# Wann ist es bei Natalie Portman & Co. so weit?



## Stefan102 (14 Juni 2011)

Image Hosting at TurboImageHost.com​
In Hollywood herrscht der absolute Babyboom und die ganze Welt beobachtet gespannt das Wachsen der zahlreichen Babybäuche. Bei einigen fragten wir uns nun, wann es denn eigentlich so weit ist, denn es scheint ewig her zu sein, dass wir die freudige Nachricht von Natalie Portman (30) und Co. hörten.

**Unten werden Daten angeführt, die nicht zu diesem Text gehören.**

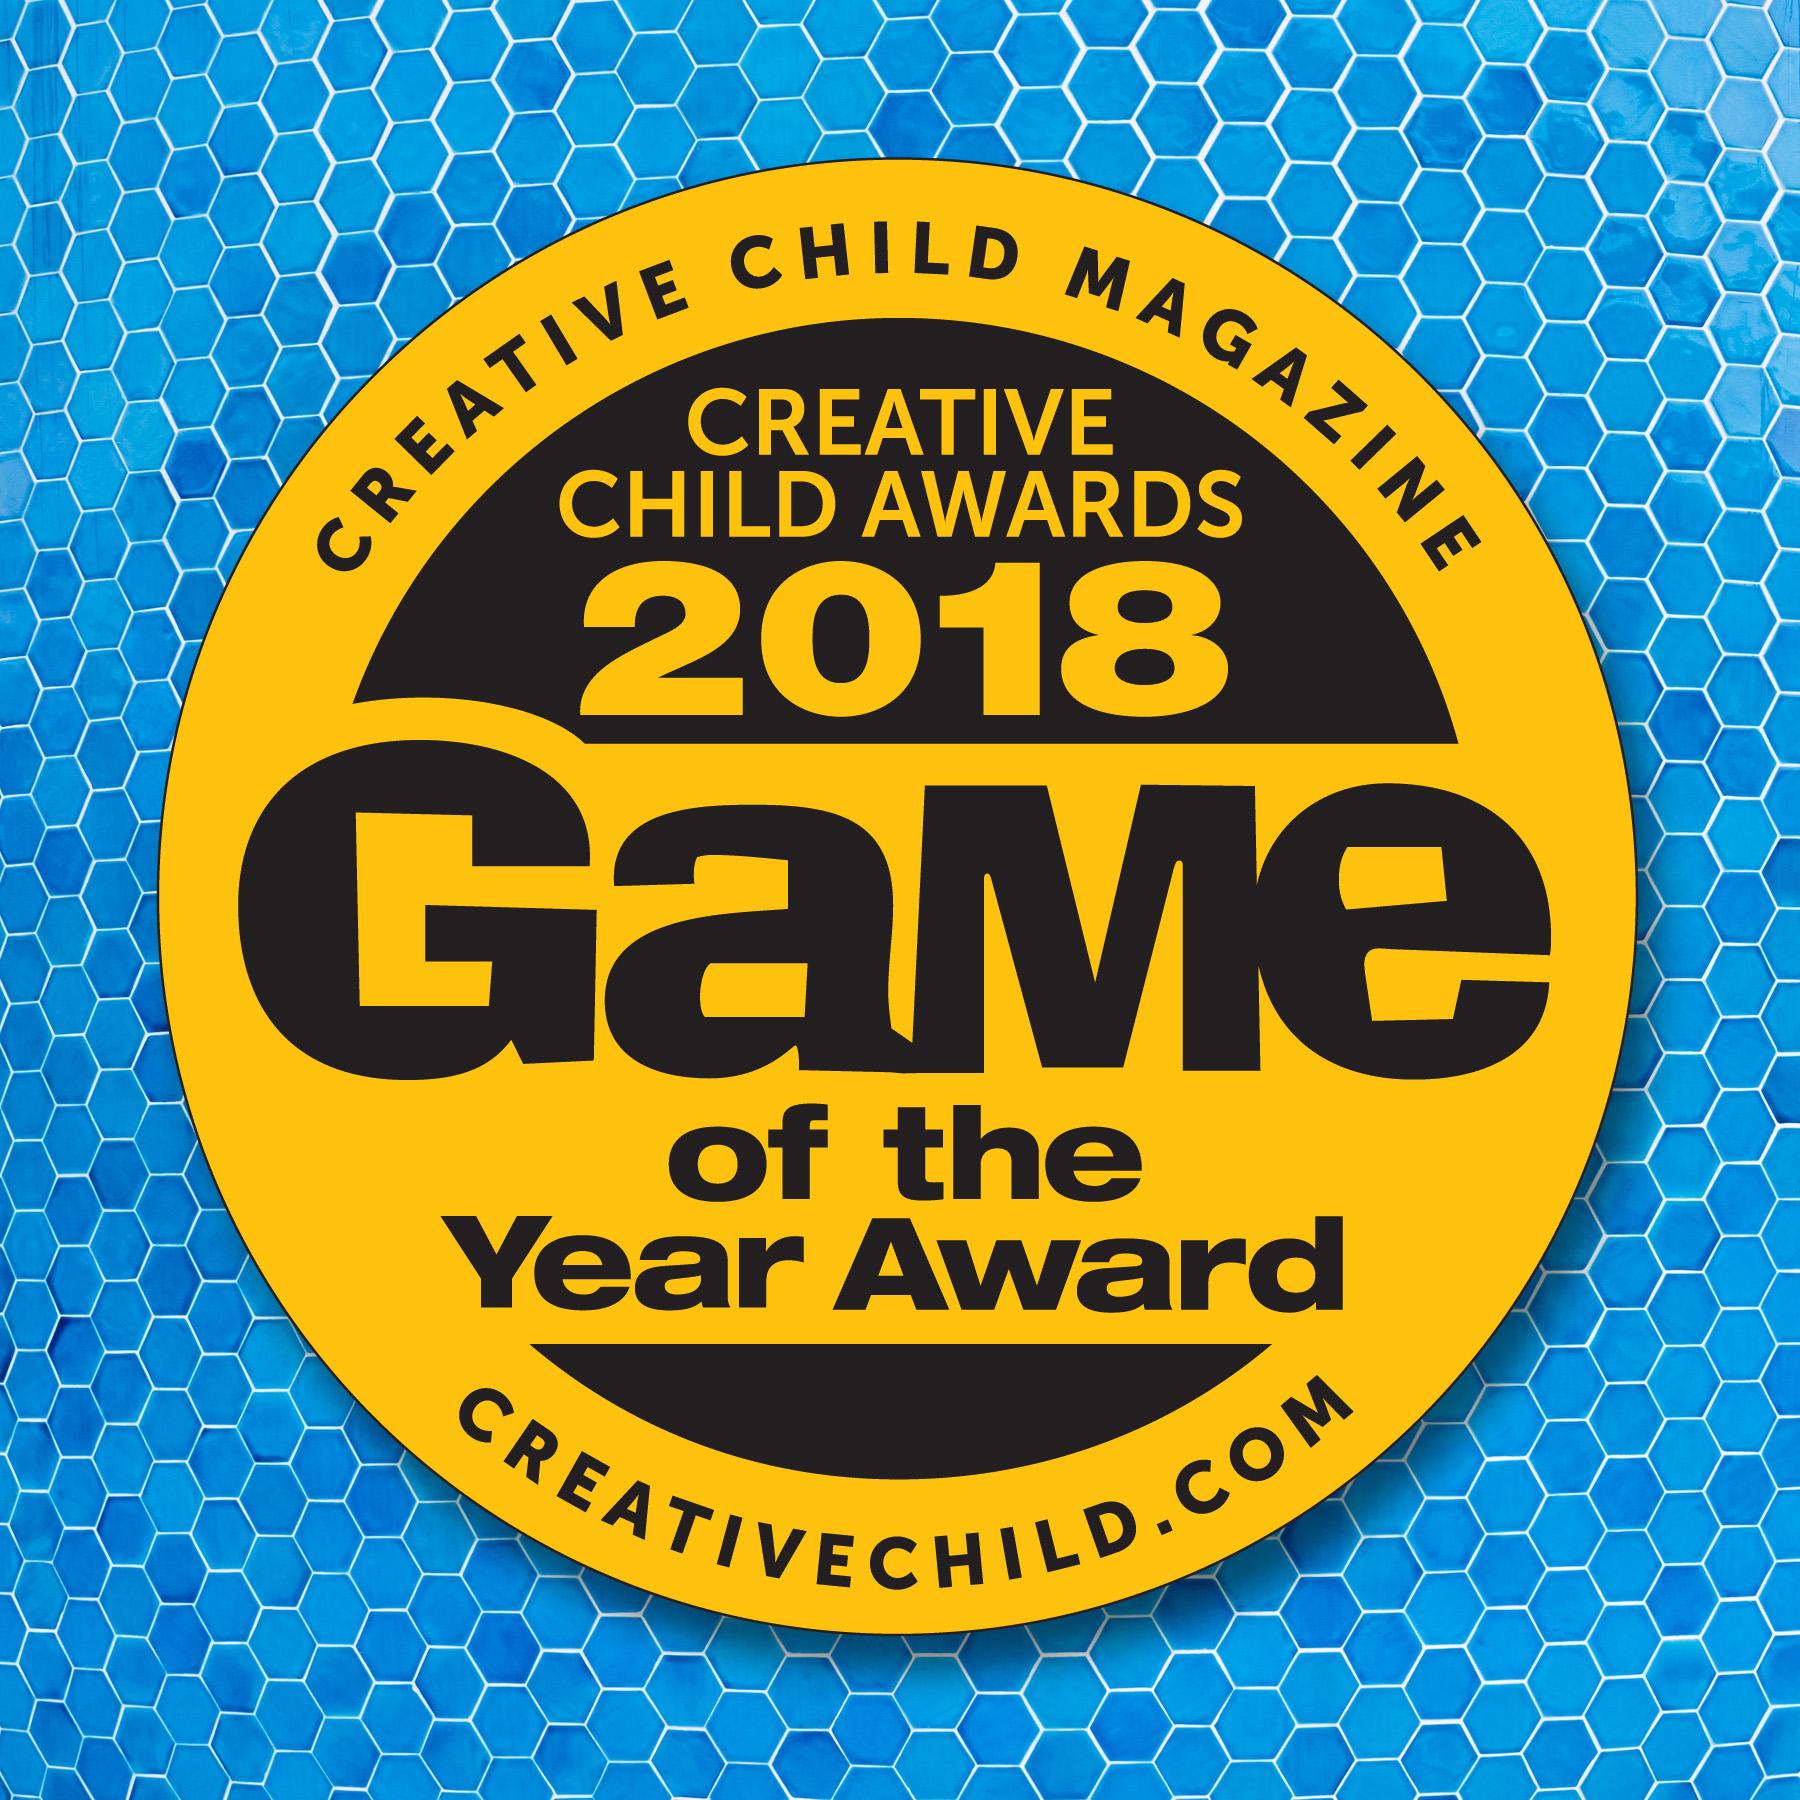 Candygrams-Family-Board-Games-Word-Game-Award-Winning-Gift-Creative-Child-Unsplash.jpg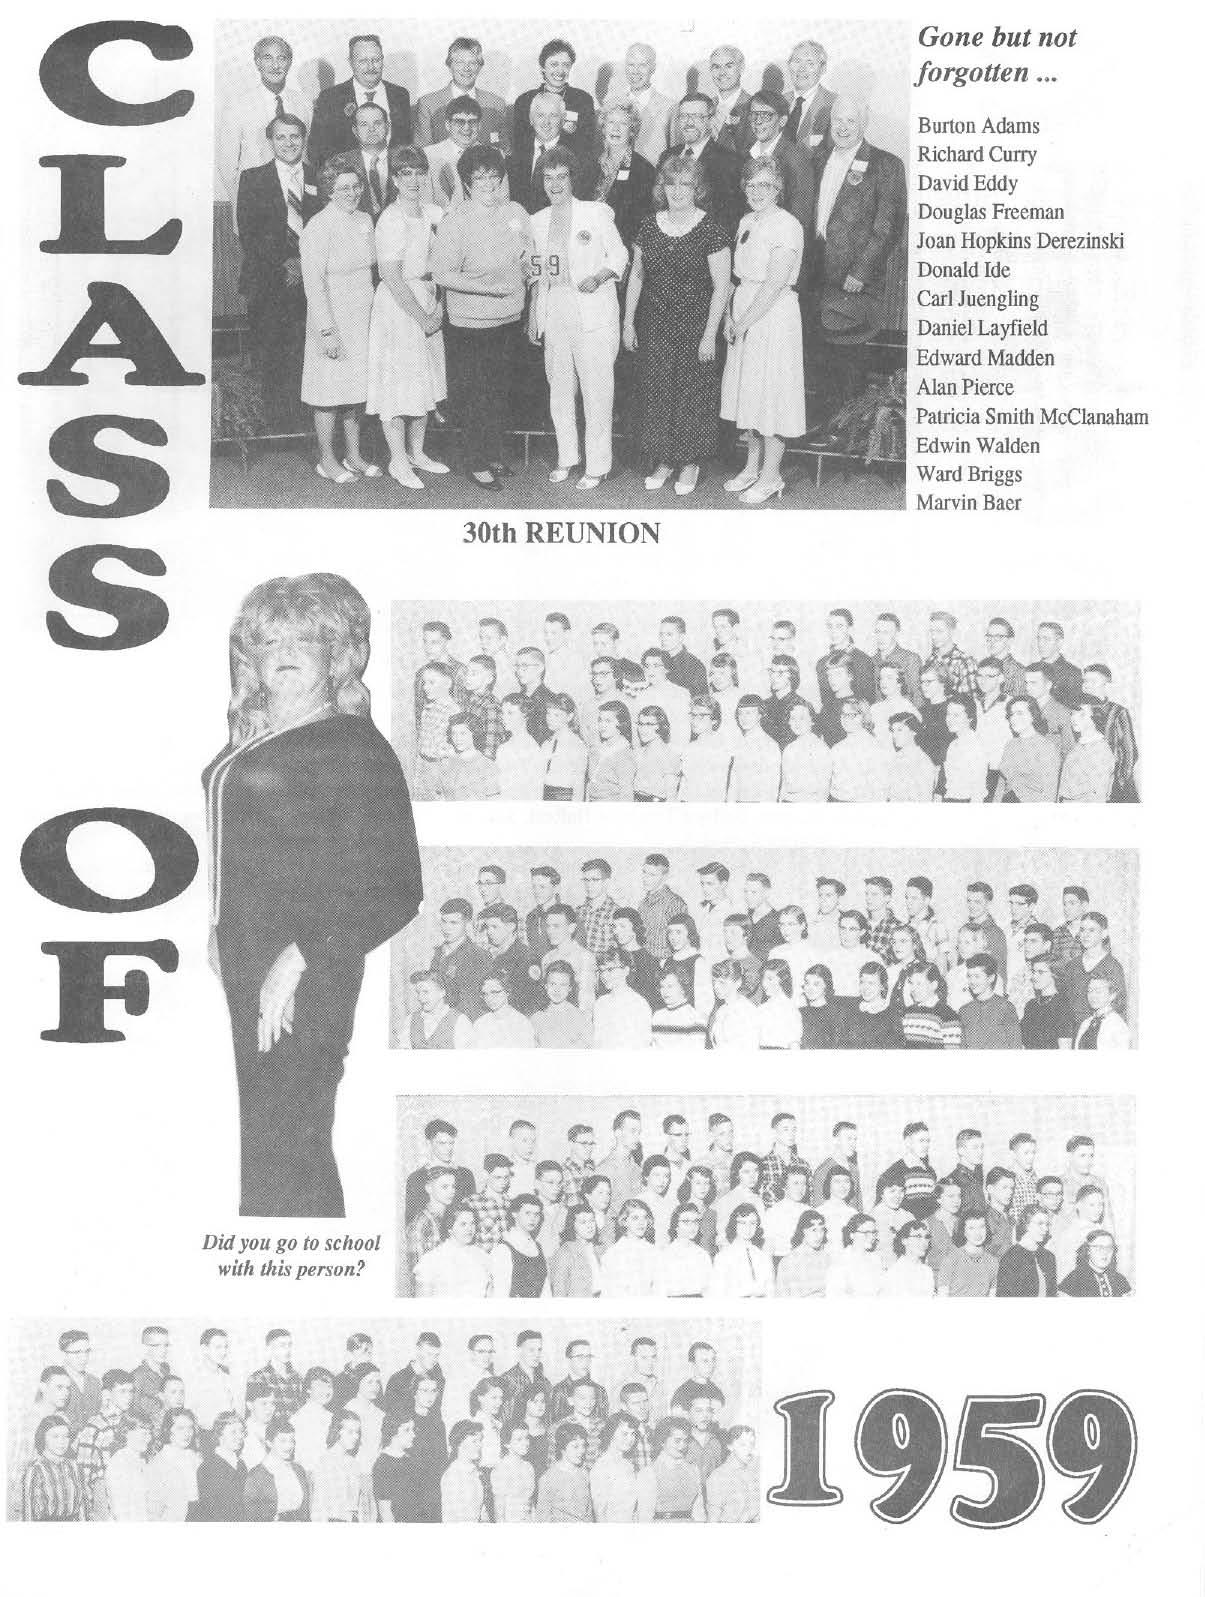 1994 1959

Aus diesem Grund haben wir uns einmal schlaugemacht und wissen nun (fast) ganz genau, wann wir uns über süße Fotos von den Neugeborenen freuen dürfen. Oscar-Preisträgerin Natalie ist mit großer Wahrscheinlichkeit die Erste, die von ihrer Riesenkugel befreit wird. Ihr Geburtstermin ist noch im Juni und sie freut sich auf einen kleinen Jungen. Als nächstes wird Kate Hudson (32) an der Reihe sein. Sie erwartet das kleine Glücksbündel Mitte Juli, weiß aber selbst noch nicht, was es wird, denn das soll eine Überraschung werden. Ende Juli wird dann auch Selma Blair (38), die schon seit einiger Zeit aussieht, als wäre sie im neunten Monat, erfahren, ob sie Mutter einer Tochter oder eines Sohns ist. Sie hat zwar schon eine Vermutung, verfolgt aber ganz tapfer ihren Plan, bis zur Geburt zu warten. Auf Alyssa Milanos (38) Söhnchen, dessen Name spontan entschieden wird, sobald der Kleine da ist, und auch auf Jessica Albas (30) zweites Kind müssen wir uns bis Mitte September gedulden. Jessica weiß, in welcher Farbe sie das neue Babyzimmer streichen muss, aber außer ihrer Familie wird dieses Geheimnis niemandem verraten.

Mit den Bäuchen wächst die Spannung und wir freuen uns riesig auf den wohl Baby-reichsten Sommer seit Langem.


----------